In this essay, we’ll further explore the role of randomness in people’s lives and focus on some of the randomness that occurs in the area of aesthetics and entertainment, using Nassim Taleb’s Fooled by Randomness: The Hidden Role of Chance in Life and Markets, and Leonard Mlodinow’s The Drunkard’s Walk: How Randomness Rules Our Lives.
Mlodinow recounts the following interesting example:
Imagine that George Lucas makes a new Star Wars film and in one test market decides to perform a crazy experiment. He releases the identical film under two titles: Star Wars: Episode A and Star Wars: Episode B. Each film has its own marketing campaign and distribution schedule, with the corresponding details identical except that the trailers and ads for one film say Episode A and those for the other, Episode B. Now we make a contest out of it. Which film will be more popular?

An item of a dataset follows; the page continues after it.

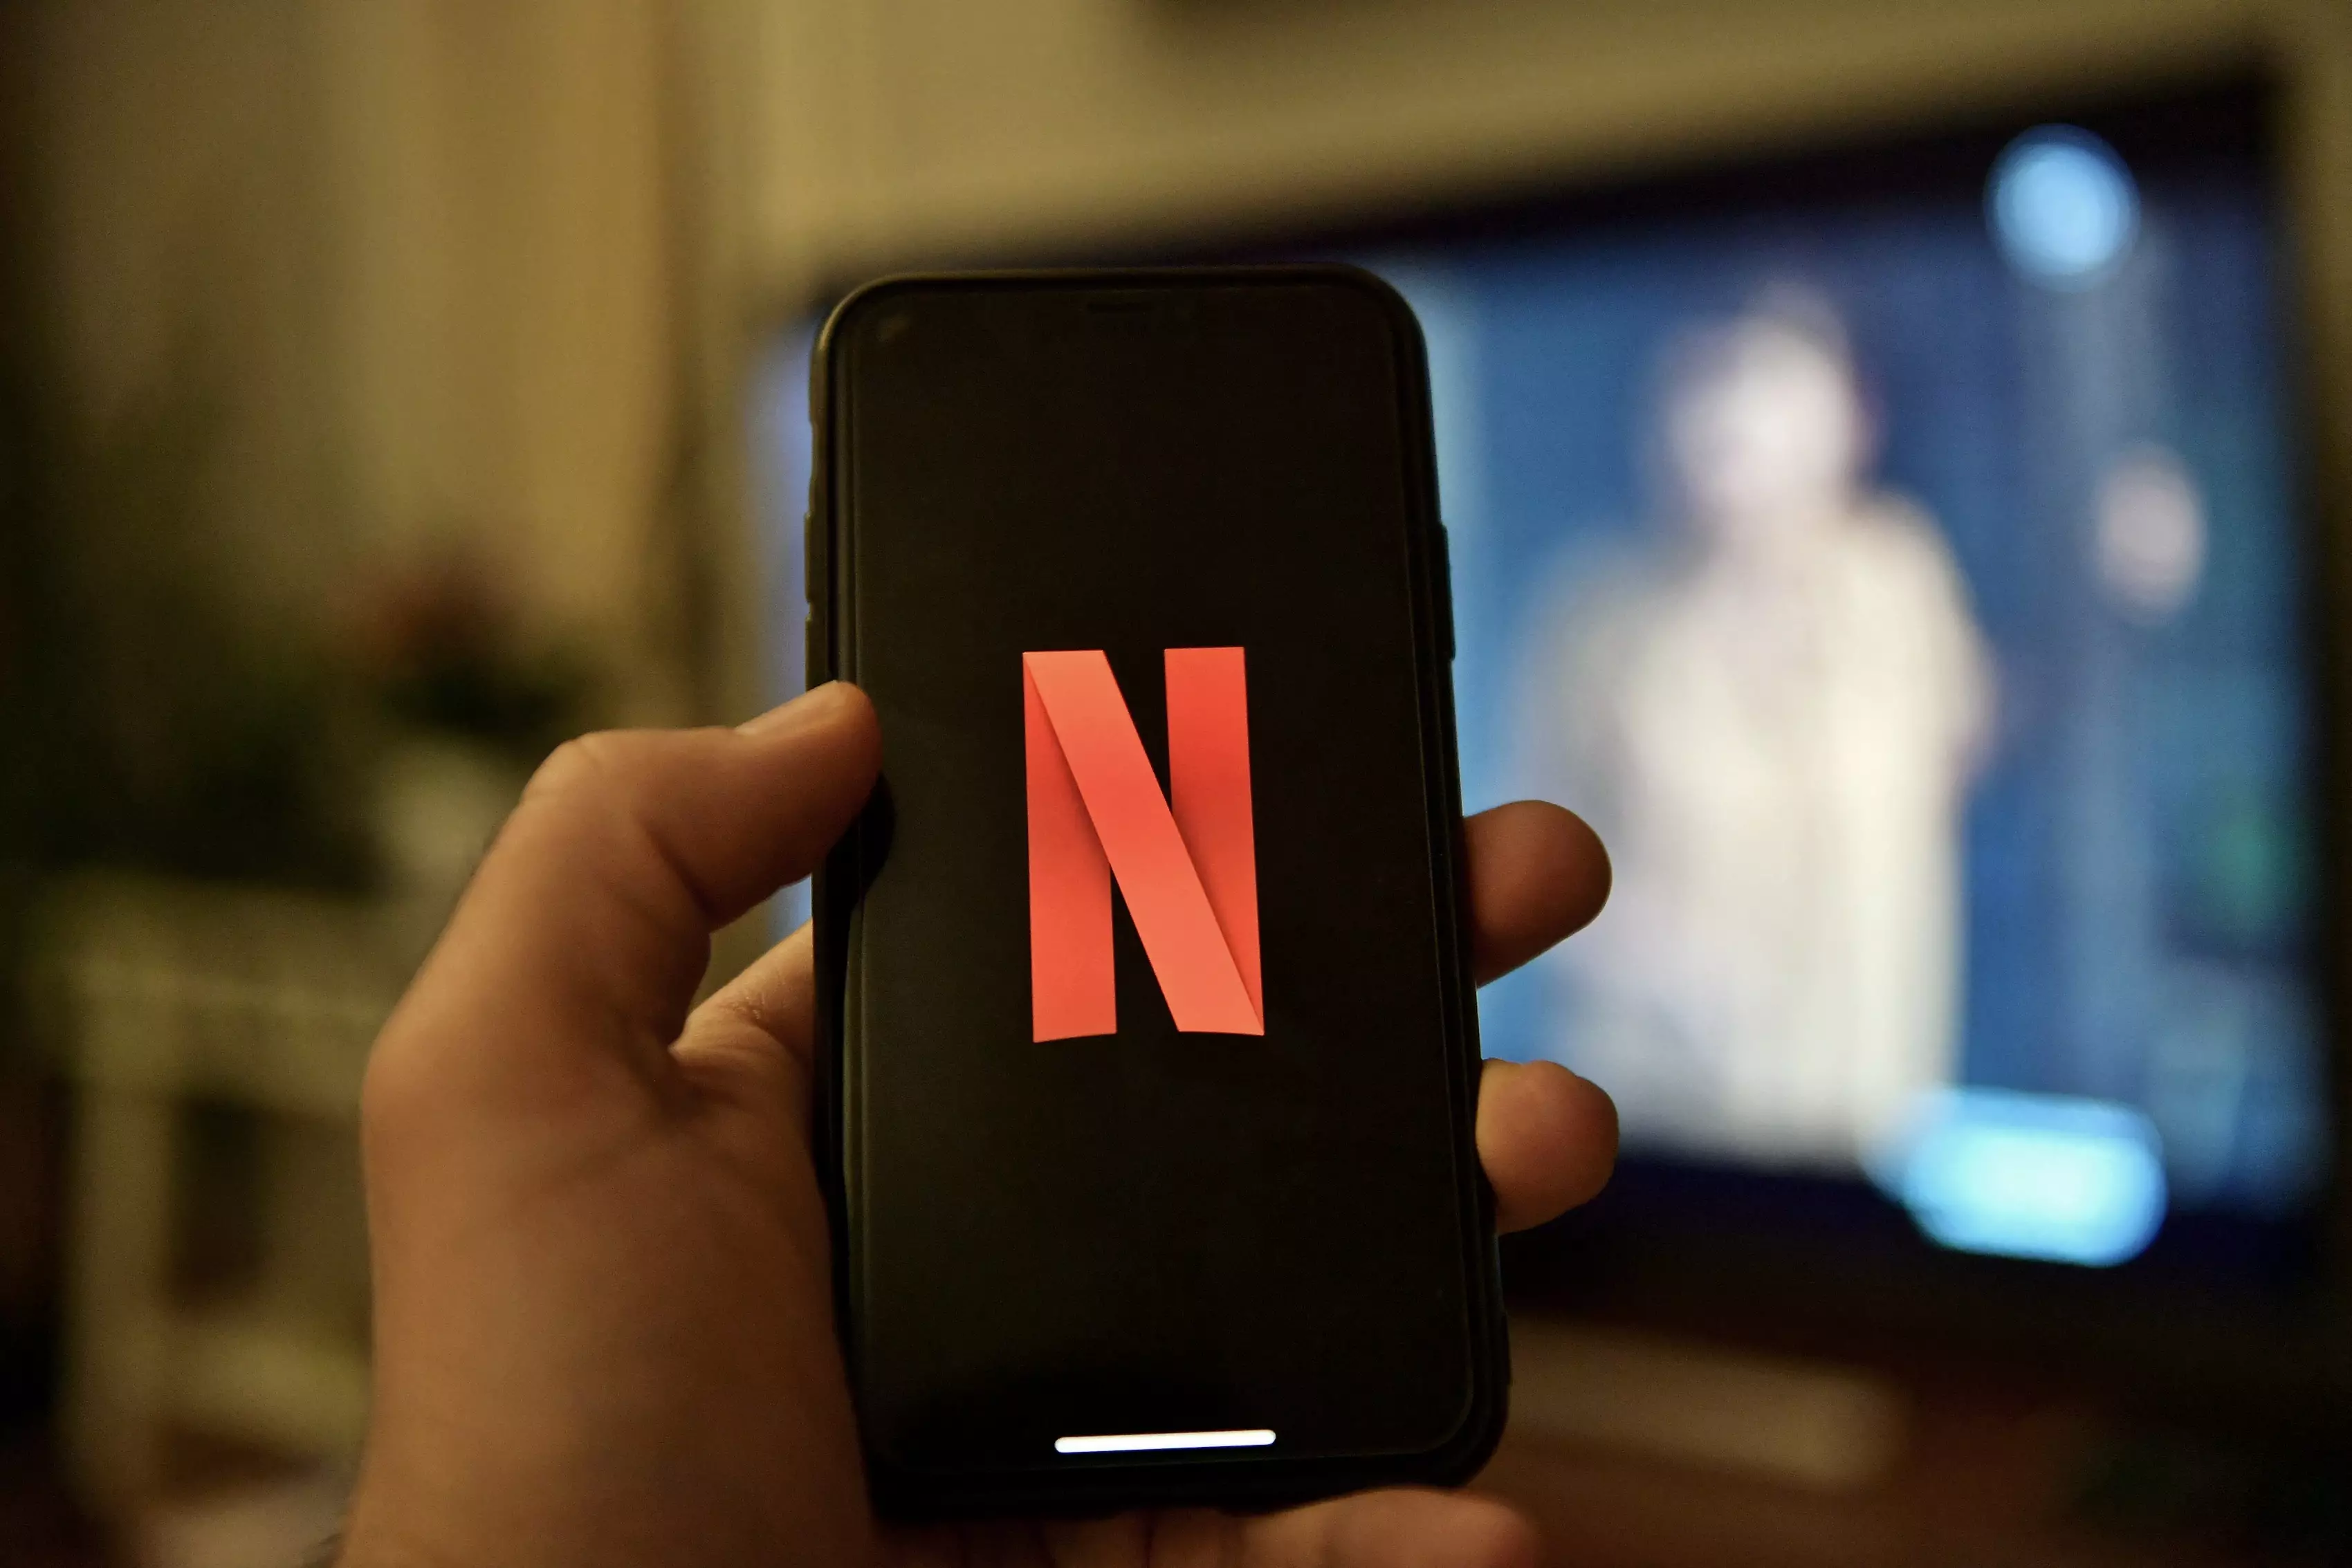 Netflix has restricted streaming quality in Europe due to increased demand amid the Covid-19 outbreak.

Say we look at the first 20,000 moviegoers and record the film they choose to see (ignoring those die- hard fans who will go to both and then insist there were subtle but meaningful differences between the two). Since the films and their marketing campaigns are identical, we can mathematically model the game this way: Imagine lining up all the viewers in a row and flipping a coin for each viewer in turn. If the coin lands heads up, he or she sees Episode A; if the coin lands tails up, it’s Episode B. Because the coin has an equal chance of coming up either way, you might think that in this experimental box office war each film should be in the lead about half the time. But the mathematics of randomness says otherwise: the most probable number of changes in the lead is 0, and it is 88 times more probable that one of the two films will lead through all 20,000 customers than it is that, say, the lead continuously seesaws. [See William Feller, An Introduction to Probability Theory and Its Applications, 2nd edition (1957) at p. 68.] The lesson is not that there is no difference between films but that some films will do better than others even if all the films are identical … Such issues are not discussed in corporate boardrooms, in Hollywood, or elsewhere, and so the typical patterns of randomness— apparent hot or cold streaks or the bunching of data into clusters— are routinely misinterpreted and, worse, acted on as if they represented a new trend.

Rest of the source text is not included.